The lawsuit that prompted Paula Deen to disclose her past use of a racial epithet ended with a settlement agreement Friday, nearly two months after intense media scrutiny of allegedly boorish behavior and discrimination inside her businesses led to the collapse of her culinary empire. The terms of the settlement were not disclosed; the one-sentence statement filed in U.S. District Court in Savannah announced only that all parties had agreed to dismiss the case.
Deen said in a statement issued through her publicist on Friday that she is “working to review the workplace environment issues that were raised in this matter and retool all of my business operations.” She acknowledged no wrongdoing. “I am confident that those who truly know how I live my life know that I believe in kindness and fairness for everyone,” she said.

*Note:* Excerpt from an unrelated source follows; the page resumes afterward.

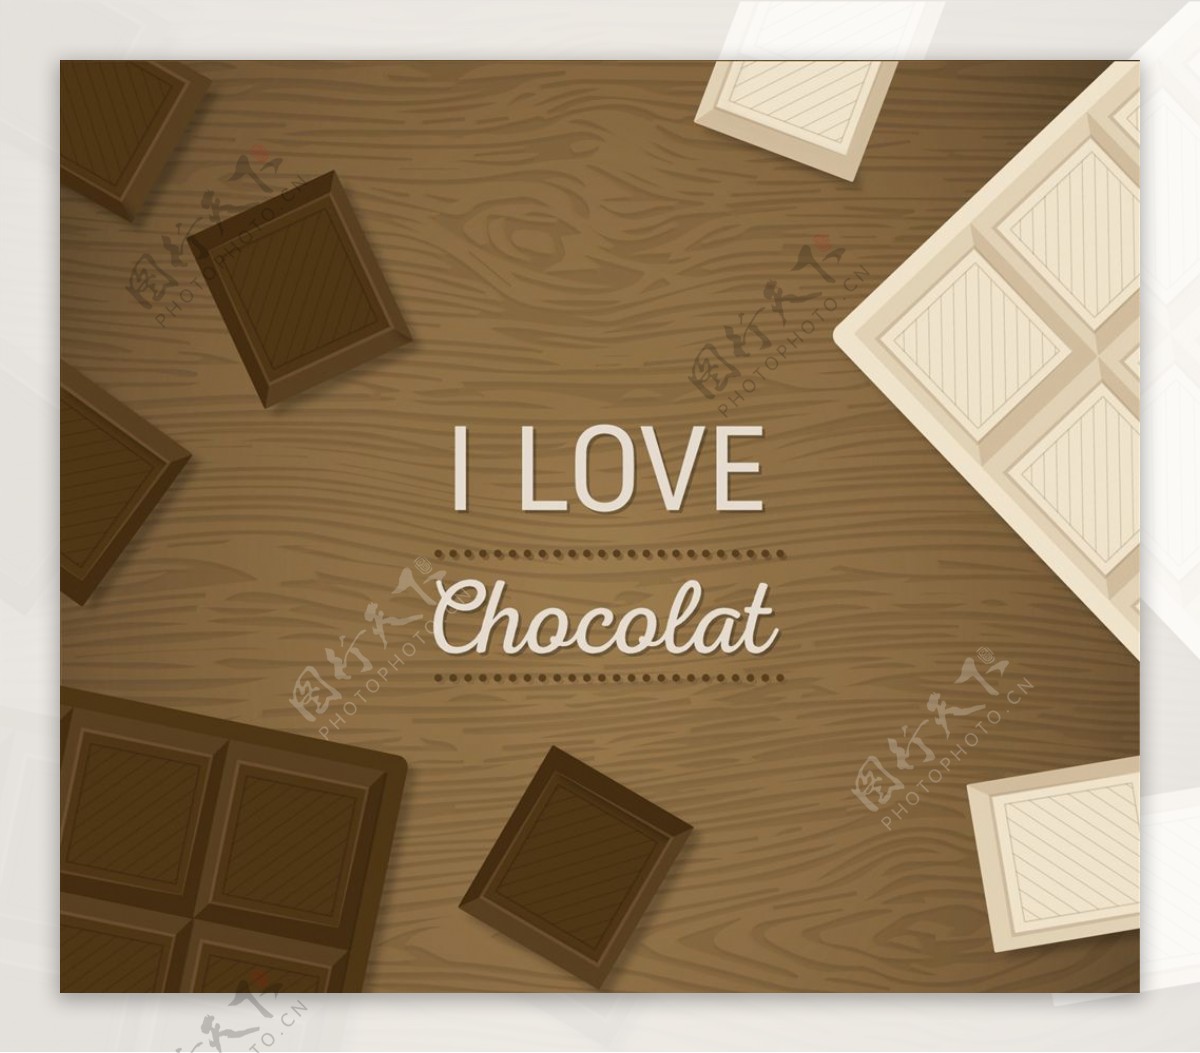 我爱巧克力背景

Filed last year by Lisa Jackson, a white woman who had worked for five years managing a Savannah, Ga.-area restaurant co-owned by Deen and her brother, Earl “Bubba” Hiers, the lawsuit started as a race and sex discrimination case. In a ruling last week, U.S. District Judge William T. Moore dismissed the race claims. The judge concluded that, as a white employee, Jackson couldn’t sue for the anti-black bias she claimed to have observed at the restaurant, Uncle Bubba’s Oyster and Seafood House. Jackson never claimed she’d been retaliated against for complaining about work conditions, which could have given her the right to sue.
That ruling came too late to spare Deen from questions about her racial attitudes in sworn depositions. Excerpts of those depositions made national headlines, and Deen struggled to explain herself in video apologies and an appearance on the Today show. Within days, major sponsors and business partners—including Wal-Mart, Target, and other retailers that sold her products—cut ties to Deen. The Food Network, whose Deen ratings had been dropping, also declined to renew her contract amid the controversy.
As her business empire fell apart, Deen fired her original, all-local legal team last month and hired new lawyers led by Grace Speights, managing partner of the Washington office of Morgan, Lewis & Bookius.
Jackson’s lawyer, Wesley Woolf, had written a letter to Deen’s attorney before filing the lawsuit last year, seeking $1.25 million for his client and suggesting that the bad publicity from a trial would cost the famous Southern chef far more than a settlement. Deen’s then-lawyers replied that the claims were false and declined to make a deal.
“The matter has been amicably resolved,” Woolf said today in an e-mail.